Overdrafts and credit loans
What are the 2 basic types of mortgage?
- Repayment mortgage
2. Interest-only mortgage
What are equity release schemes?
What people use to release the value that is ‘locked up’ in their homes
How does secured lending differ to un-secured lending?
Secured
- the borrower gives the lender the right to take possession of a specific asset if they fail to keep up repayments on the loan.
- If repayments are missed the lender can sell the asset to recoup the money owed
Un-secured
- the lender doesn’t have the reassurance of the asset that they can sell to recoup the loan if the borrower fails to repay
- has a greater risk to the lender and interest rates are higher
What is a repayment mortgage?
Monthly repayments are made to the lender which consisted of capital repayment and interest on the amount borrowed
What happens to the proportions of capital in a repayment mortgage throughout the term?
Decreases slowly in the early years but then quickly until loan is fully repaid
What is designed to protect a repayment mortgage?
Decreasing term assurance
What is a Covenant?
A promise under the terms of a mortgage deed to maintain the property in good condition
Who is known as the ‘Mortgagor’?
The borrower
Who is known as the ‘Mortgagee’?
The lender
What is an Interest-only mortgage?
- only interest payments are made to the lender
- loan capital outstanding doesn’t reduce during the term
- loan payments are lower
How does the borrower repay the amount borrowed on an interest-only mortgage?
By making regular payments into an appropriate savings scheme such as an ISA
What is a credible repayment strategy?
It includes a savings vehicle with a pre-determined benefit (it is needed to have an interest-only mortgage)
What are the 2 main issues that need to be addressed when taking out an interest-only mortgage?
- putting in place a funding mechanism to repay the debt at the end of the term
- ensuring their is sufficient protection to enable the debt to be repaid
What are popular methods of funding interest-only mortgages?
- endowments
- ISA’s
- Pensions
How is protection provided on an interest-only mortgage?
Level-term assurance
How is a pension mortgage loan repaid?
By using the 25% tax-free cash sum from the pension fund
What is a personal pension?
A pension product arranged on an individual basis.
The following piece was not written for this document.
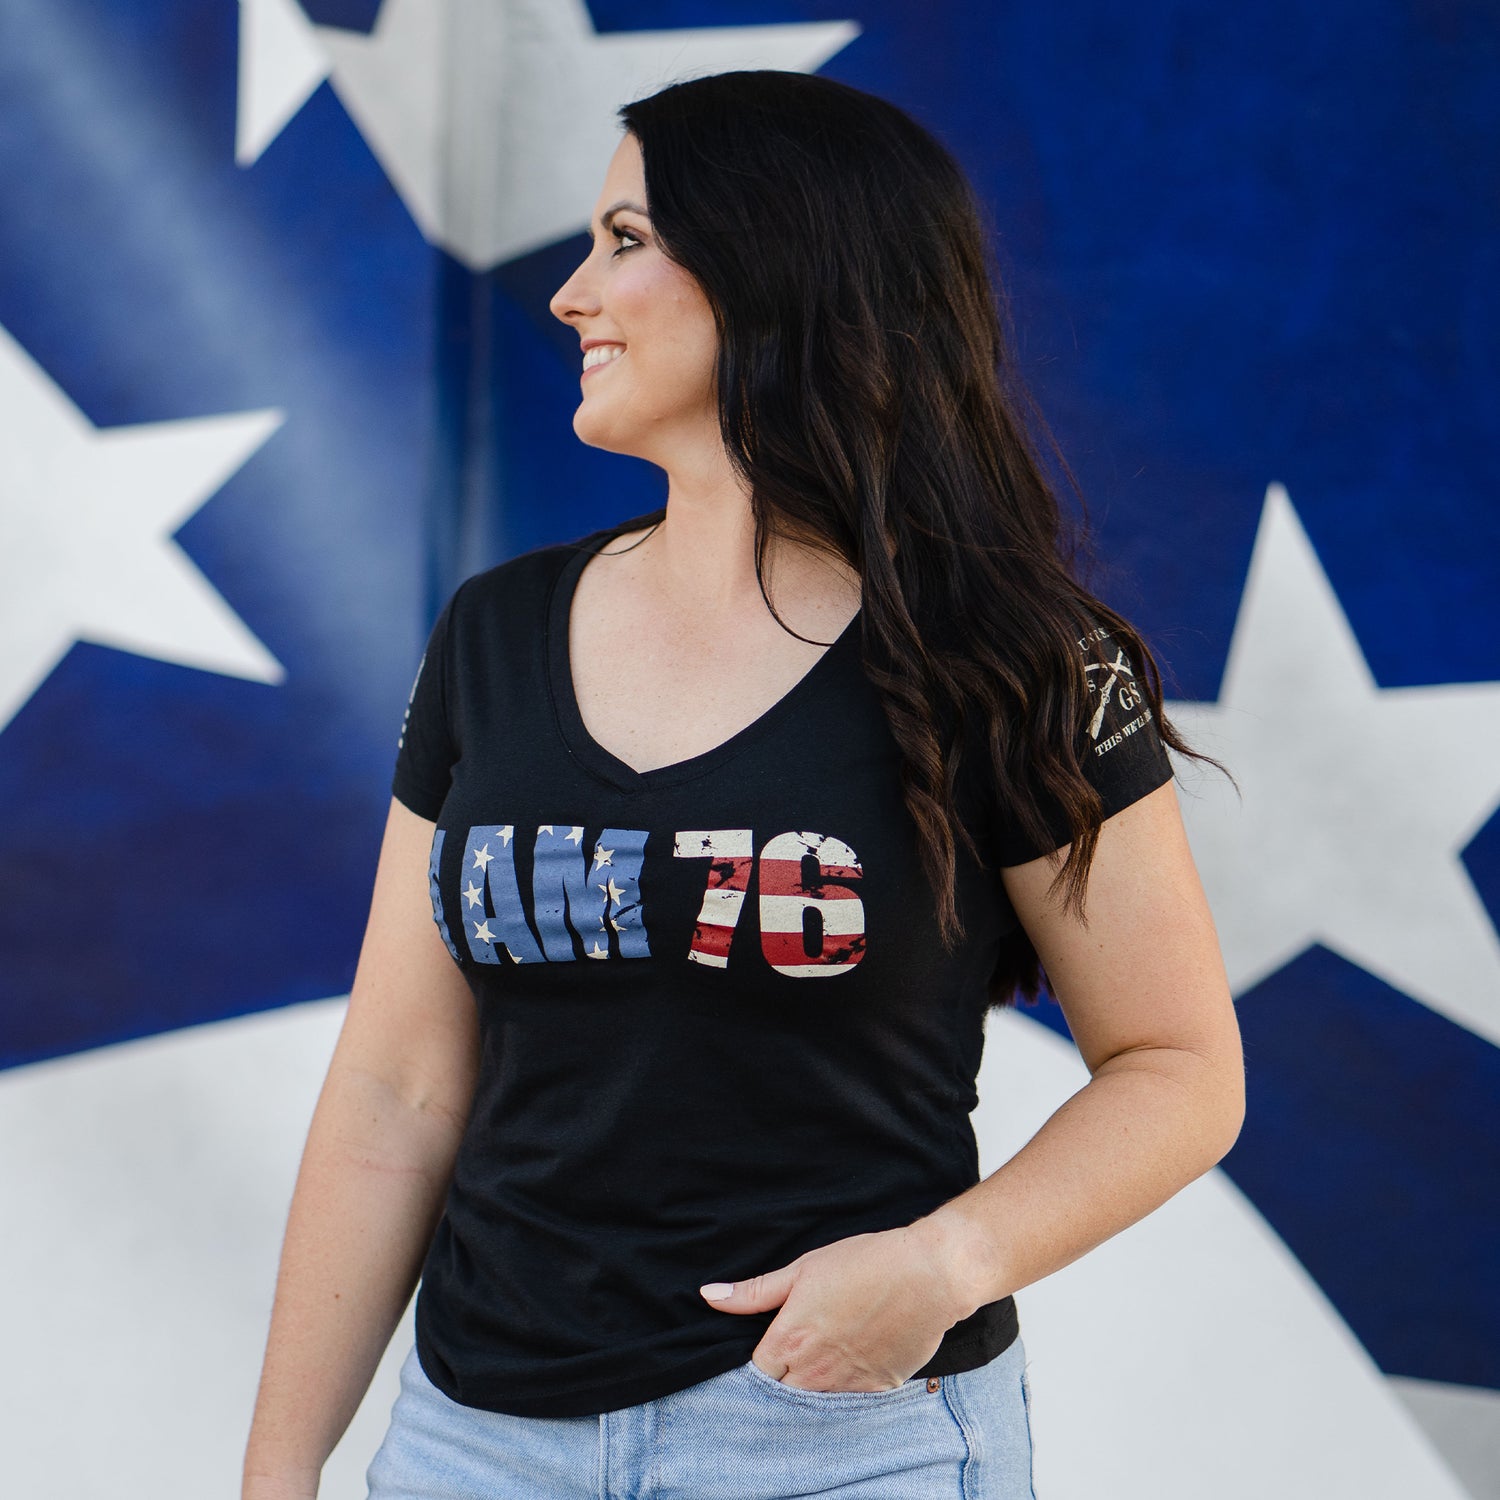 Women's Patriotic T-Shirt - I am 76 V-Neck

The benefits received depend on the performance of the funds
What is a a Stakeholder pension?
A simple low-cost pension product
What is an individual savings account mortgage?
- Where investment is made on a regular, monthly basis provided that all the overall annual limits are not exceeded
- ISA managers calculate investment required to produce lump sum at the end of the mortgage term
What is a ‘Variable rate’ Mortgage product?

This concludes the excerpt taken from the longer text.